Тогда Геррик разогнулся и поднял палец.
– Вот в такой же изоляции оказался бы любой из нас, попытайся он применить для своих целей снайперскую винтовку. От него отшатнулись бы собственные союзники. Был только один человек, который осмелился нарушить этот великий Закон.
– Кто? – спросил я.
– А зачем тебе знать?
– Ну – интересно…
Знакомая светлая молния полыхнула в глазах Геррика. Он отвернулся к окну.
Плечи – сгорбились.
– У этого человека нет имени, – не сразу сказал он. – Теперь его называют – Изгой…
Так мы поговорили. Вероятно, все это требовалось хорошенько обдумать. Вот только думать мне было абсолютно некогда, потому что в тот же день, к вечеру, когда я после часового отсутствия вернулся из магазина, я услышал доносящиеся из комнаты Геррика голоса на незнакомом мне гортанном, звенящем и прищелкивающем языке – так могли бы говорить птицы, если бы обрели речь – а едва я поставил на пол тяжеленную сумку, как в кухне появилась Алиса.

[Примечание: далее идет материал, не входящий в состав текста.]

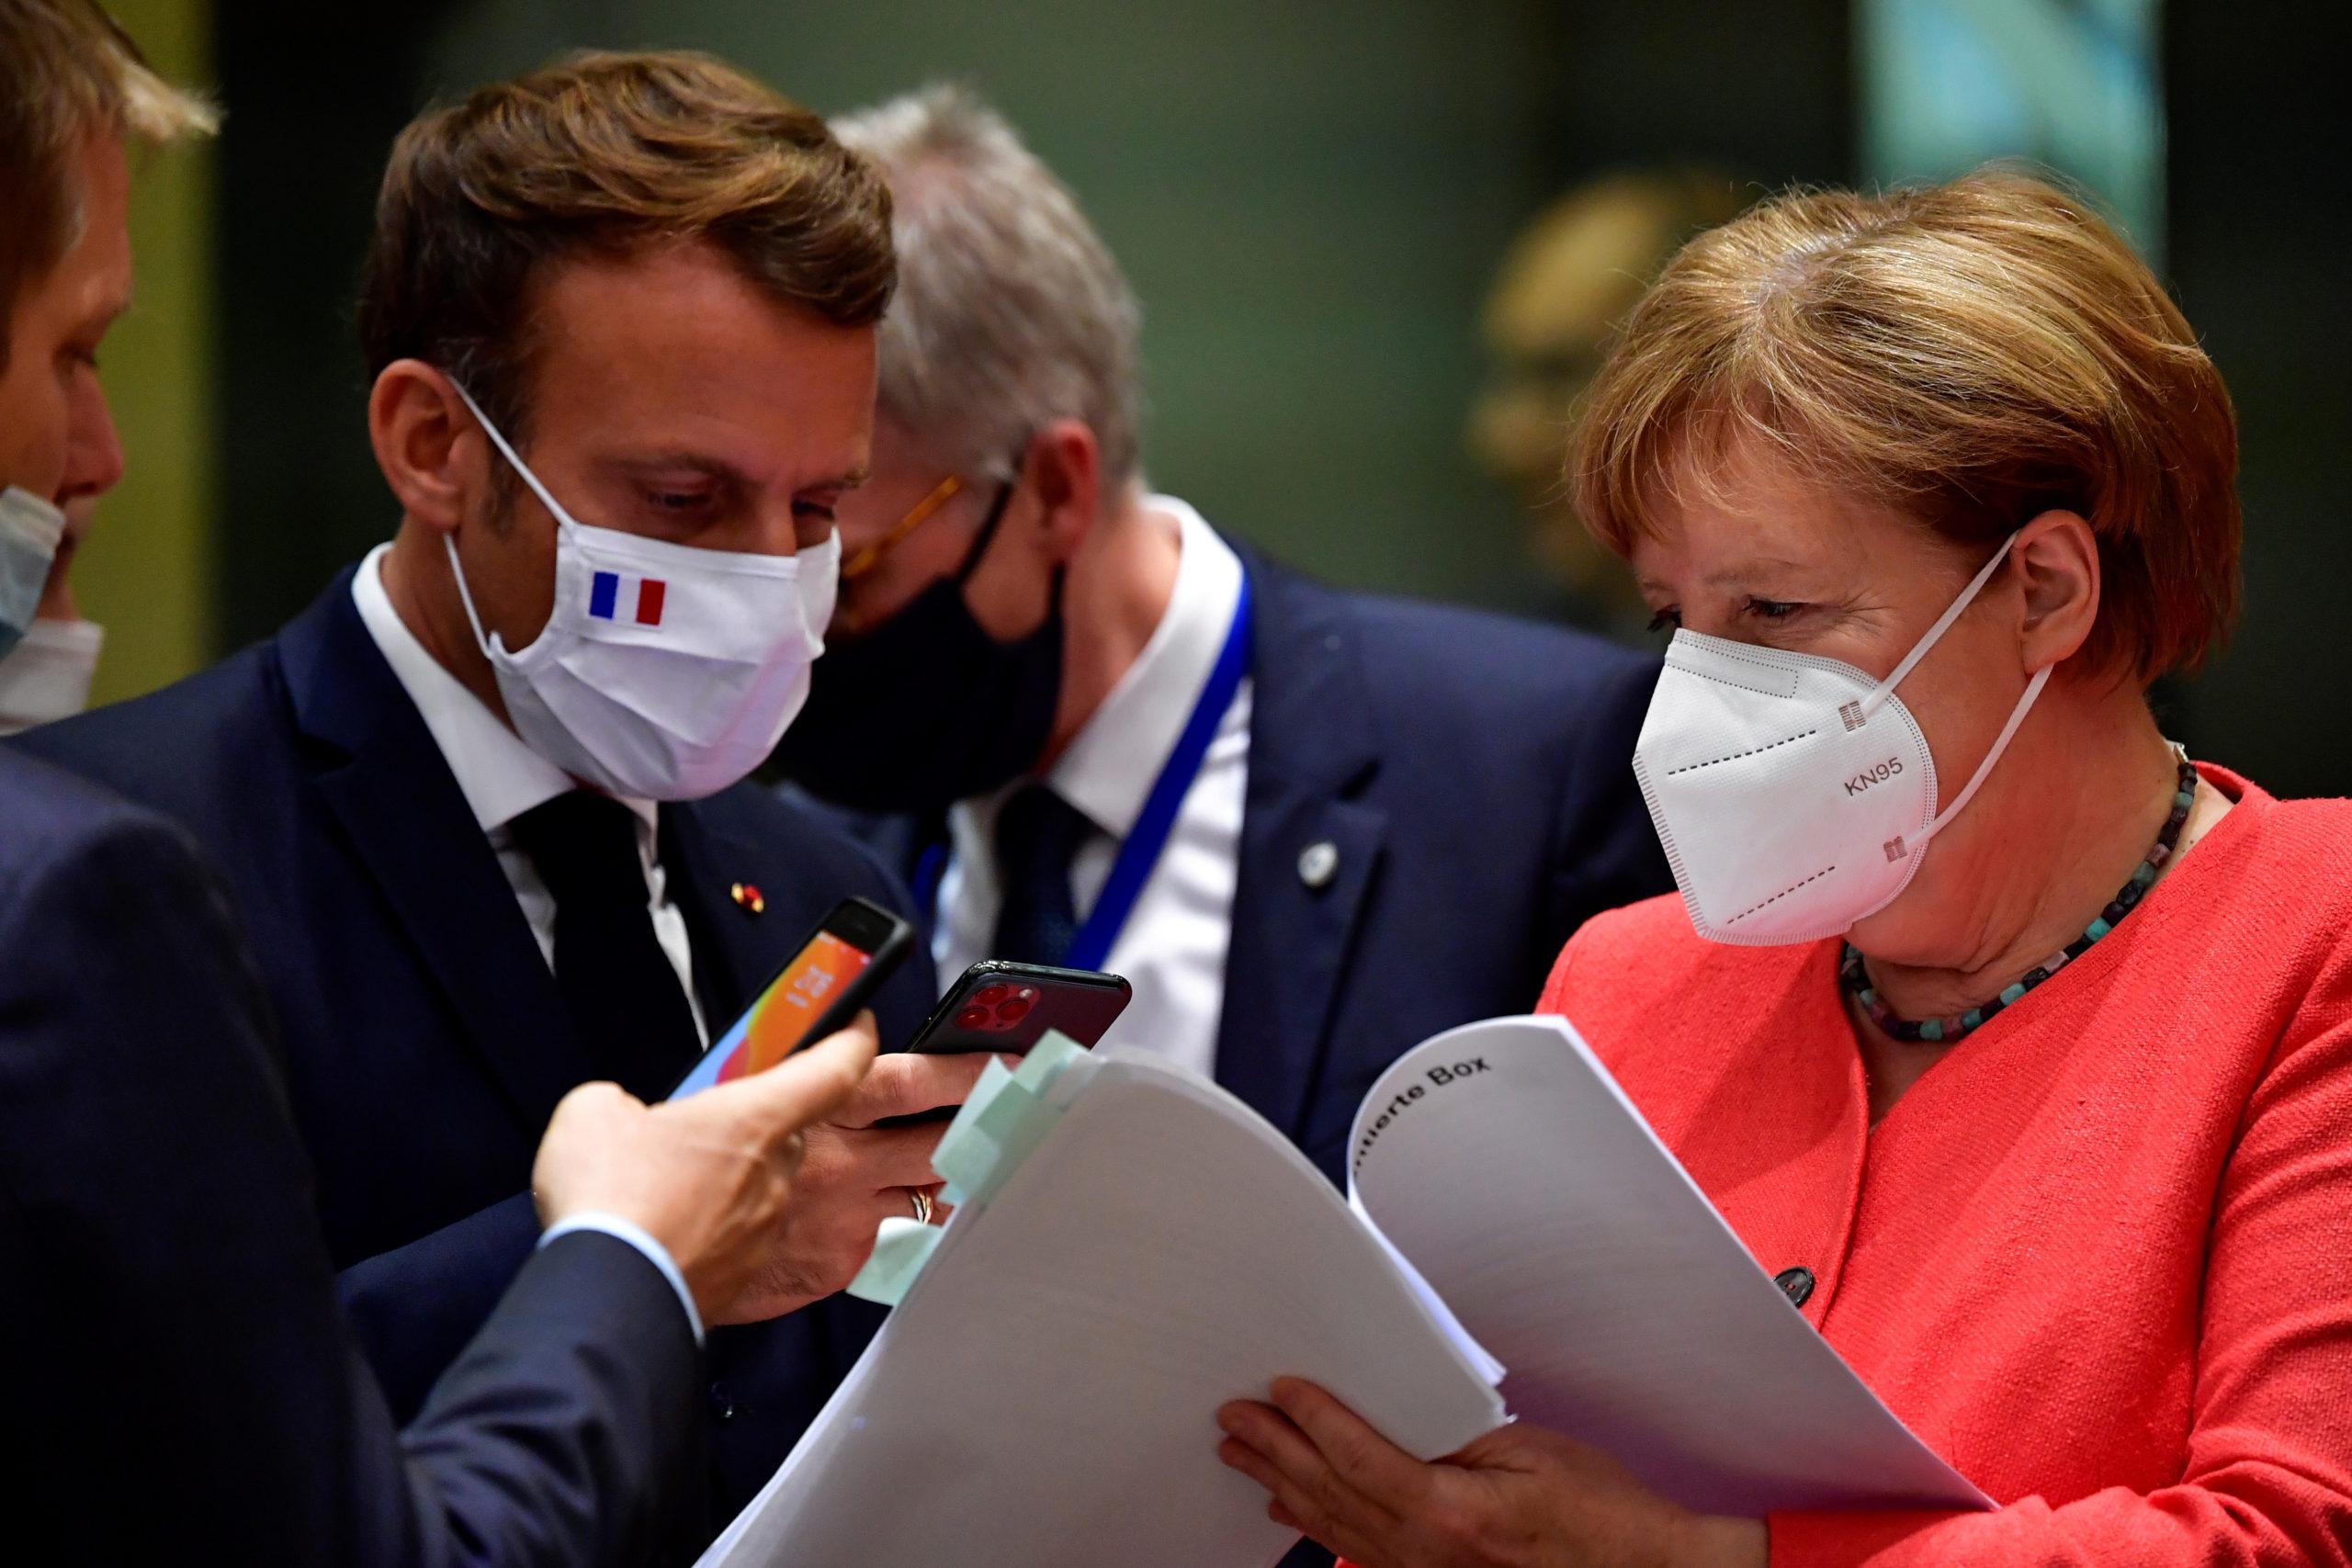 La hora global: El Eje Franco-Alemán (T02P09)

Собственно, о том, что ее зовут Алиса, я узнал несколько позже, а в тот момент она просто возникла сбоку от дверного проема, будто бы не вошла, а материализовалась из воздуха – сразу же развернулась на носках в мою сторону, чуть присев и держа в кулаке выставленной жалом вперед короткий кинжал.
Ну вот и принцесса, обреченно подумал я.
В том, что передо мной именно принцесса, я нисколько не сомневался. Кому еще могло принадлежать это надменное, будто мраморное лицо, окруженное бутоном волос бронзового осеннего цвета, рыжина их умопомрачительно оттеняла нежную кожу на скулах. Кому могла принадлежать горбинка носа, ярко-алые губы, влажные и, видимо, горячие одновременно, за которыми угадывалась сахарная белизна зубов? Кому могли принадлежать тонкие и вместе с тем сильные пальцы, сомкнутые сейчас на рукояти кинжала?
– Привет, – выдохнул я.
Трудно сказать, почему она тогда не ударила сразу. По ее представлениям, как я позже стал их понимать, это было бы правильно и, более того, вполне естественно. Воин должен был отразить первый, так называемый «проверочный» выпад. Но она не ударила, и тем самым, вероятно, сохранила мне жизнь. А уже в следующую секунду в проеме дверей вырос Геррик и, гораздо лучше меня, оценив ситуацию, быстро сказал:
– Это – моя сестра, Алиса…
– Ну ты даешь… – только и вымолвил я, с трудом переведя дух. – Мог хотя бы предупредить…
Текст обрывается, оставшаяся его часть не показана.